Directions for this task: Give back the full listing, character for character, with no pictures.

Data section:
*****

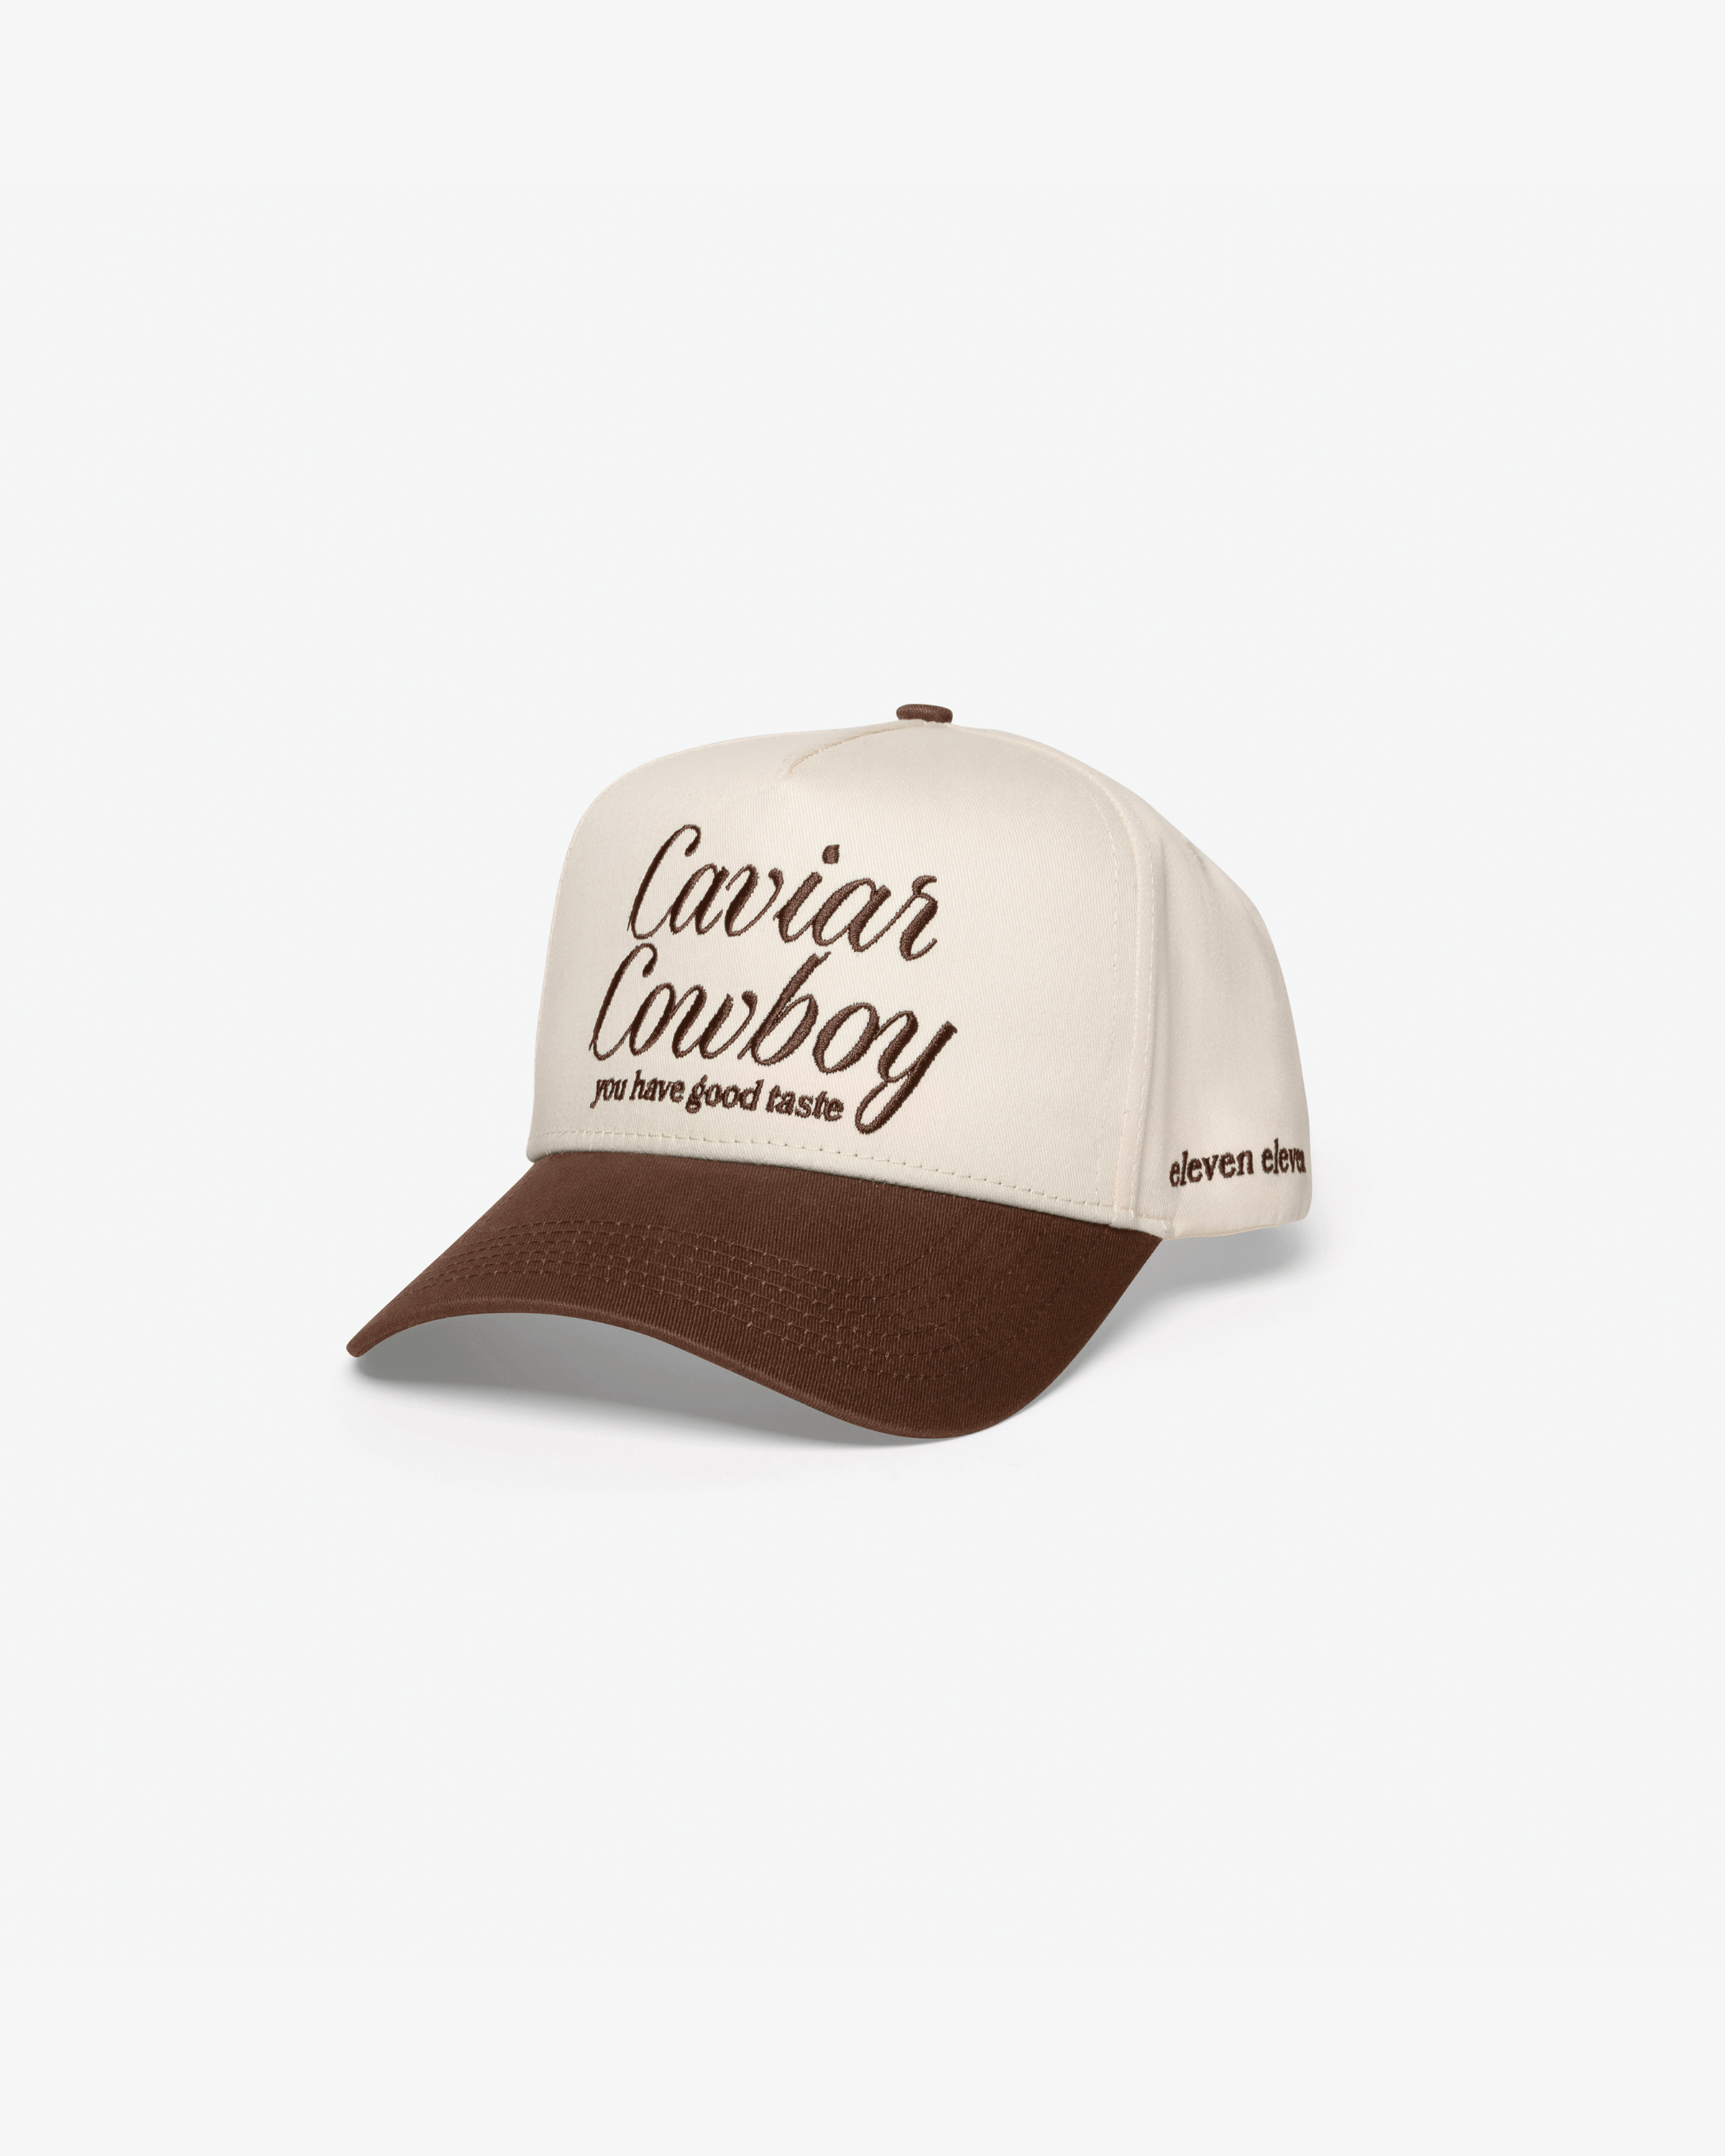 Caviar Cowboy Cap (Beige & Brown)
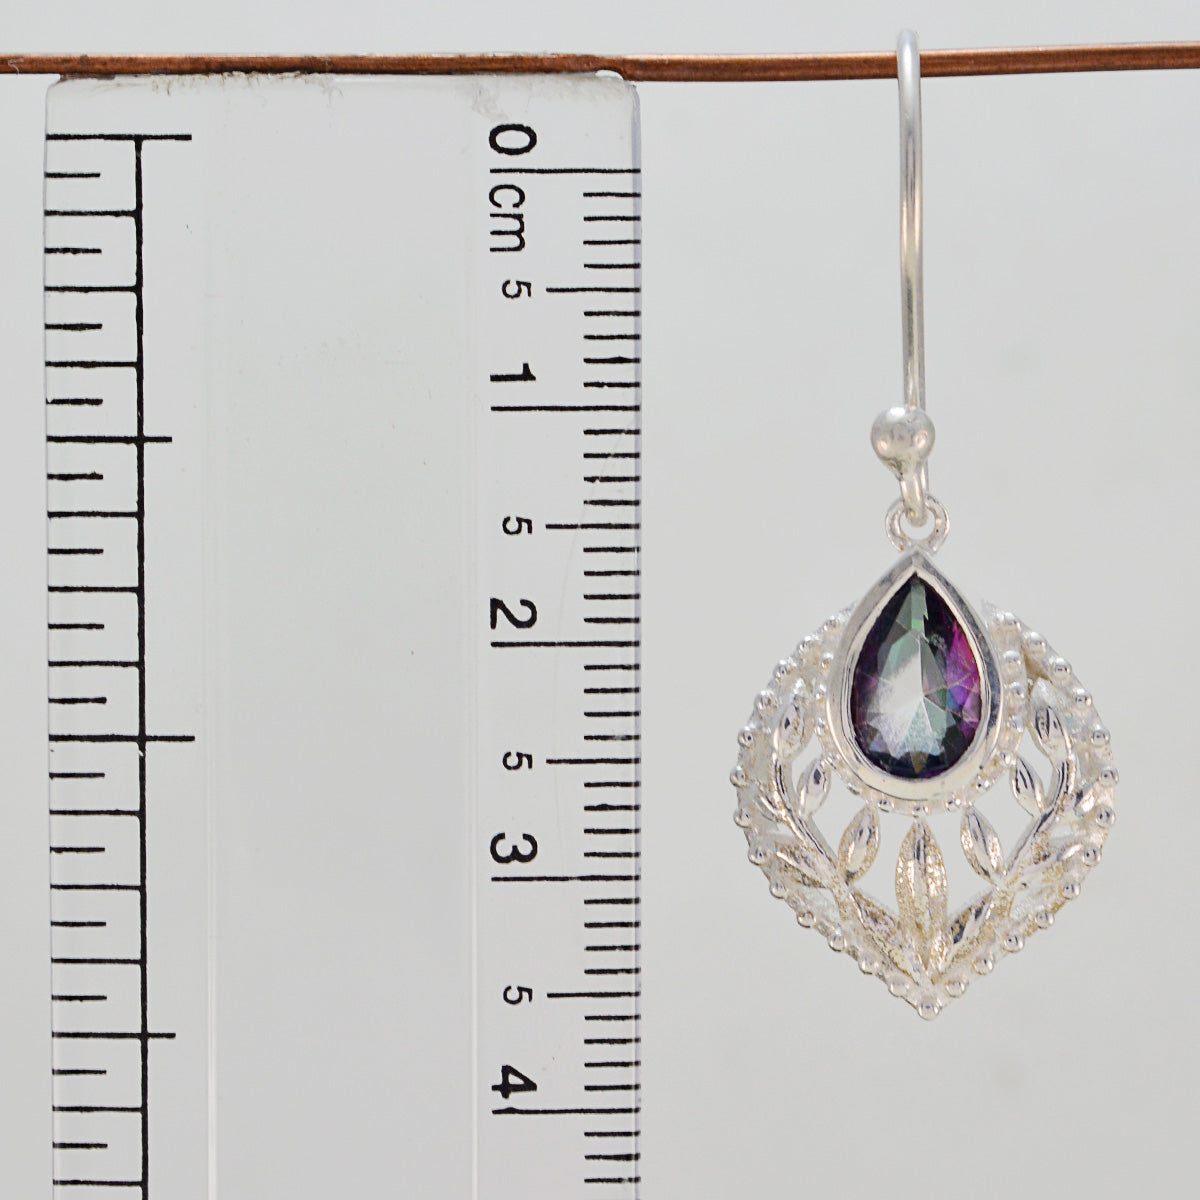 Riyo Good Gemstones Pear Faceted Multi Mystic Quartz Silver Earrings independence gift
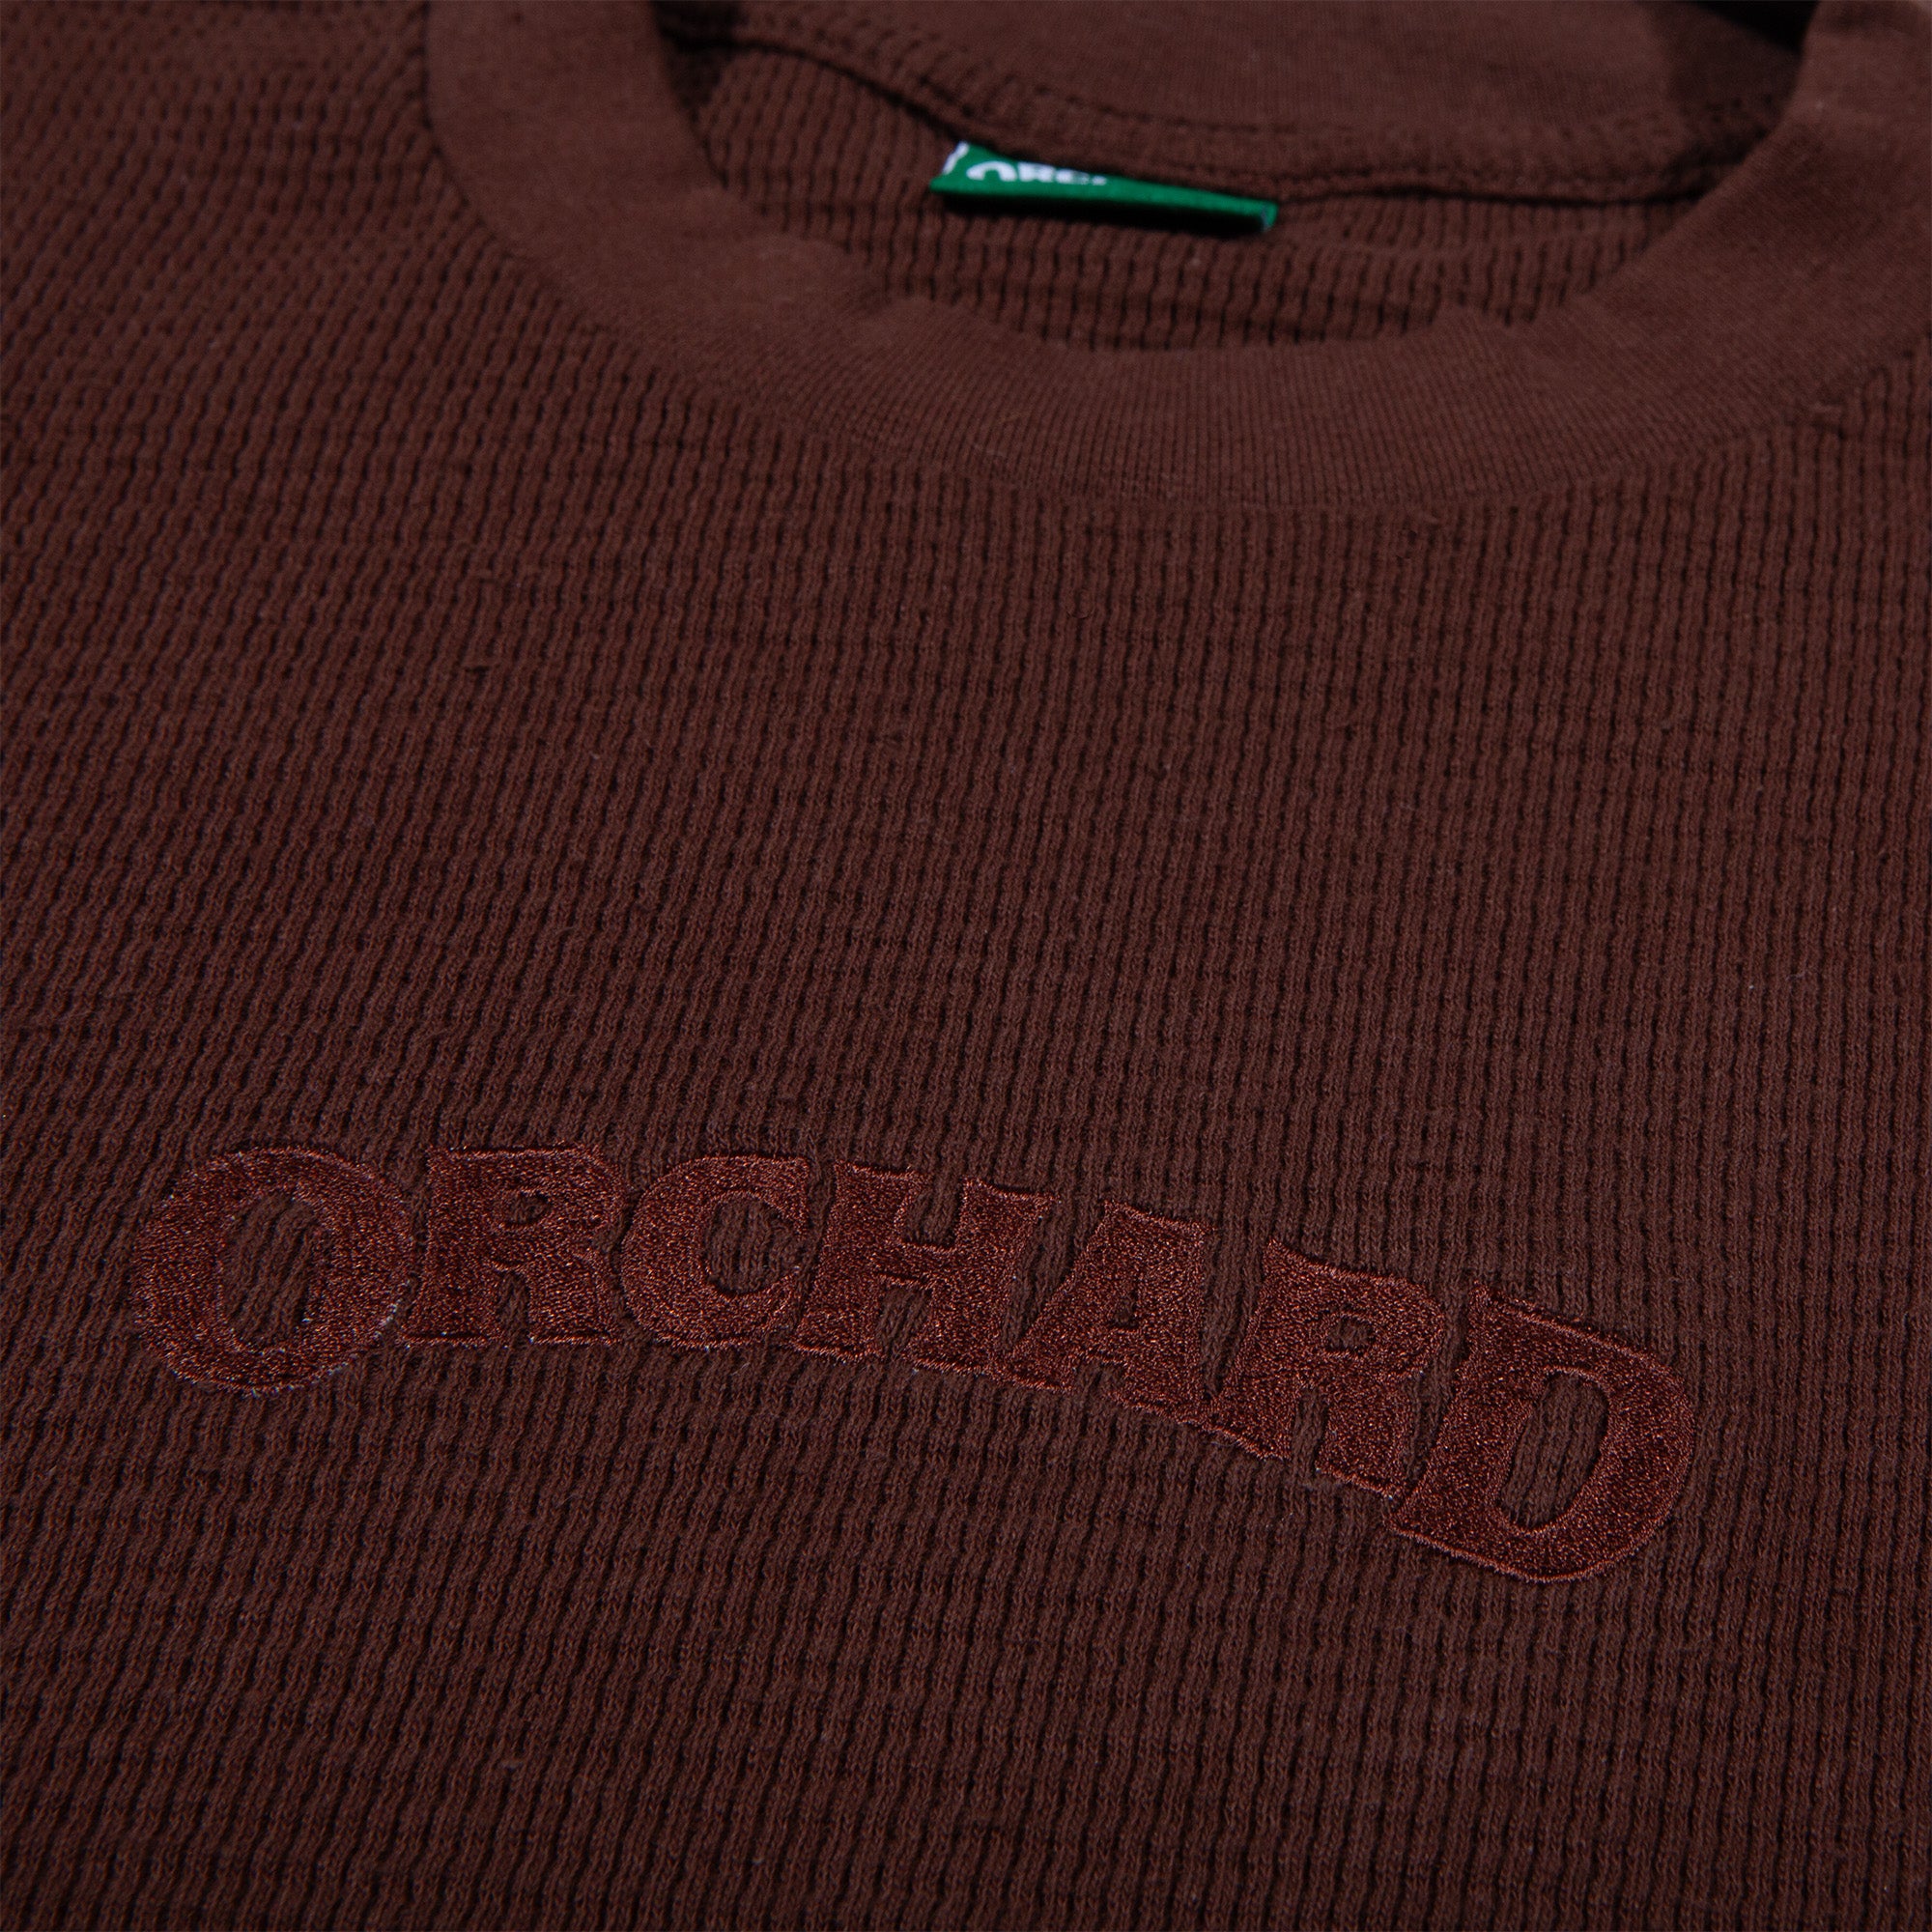 Orchard Emb Text Logo Thermal Shirt Chocolate/Chocolate

*****

Solution below:
 Caviar Cowboy Cap (Beige & Brown)
 Riyo Good Gemstones Pear Faceted Multi Mystic Quartz Silver Earrings independence gift
 Orchard Emb Text Logo Thermal Shirt Chocolate/Chocolate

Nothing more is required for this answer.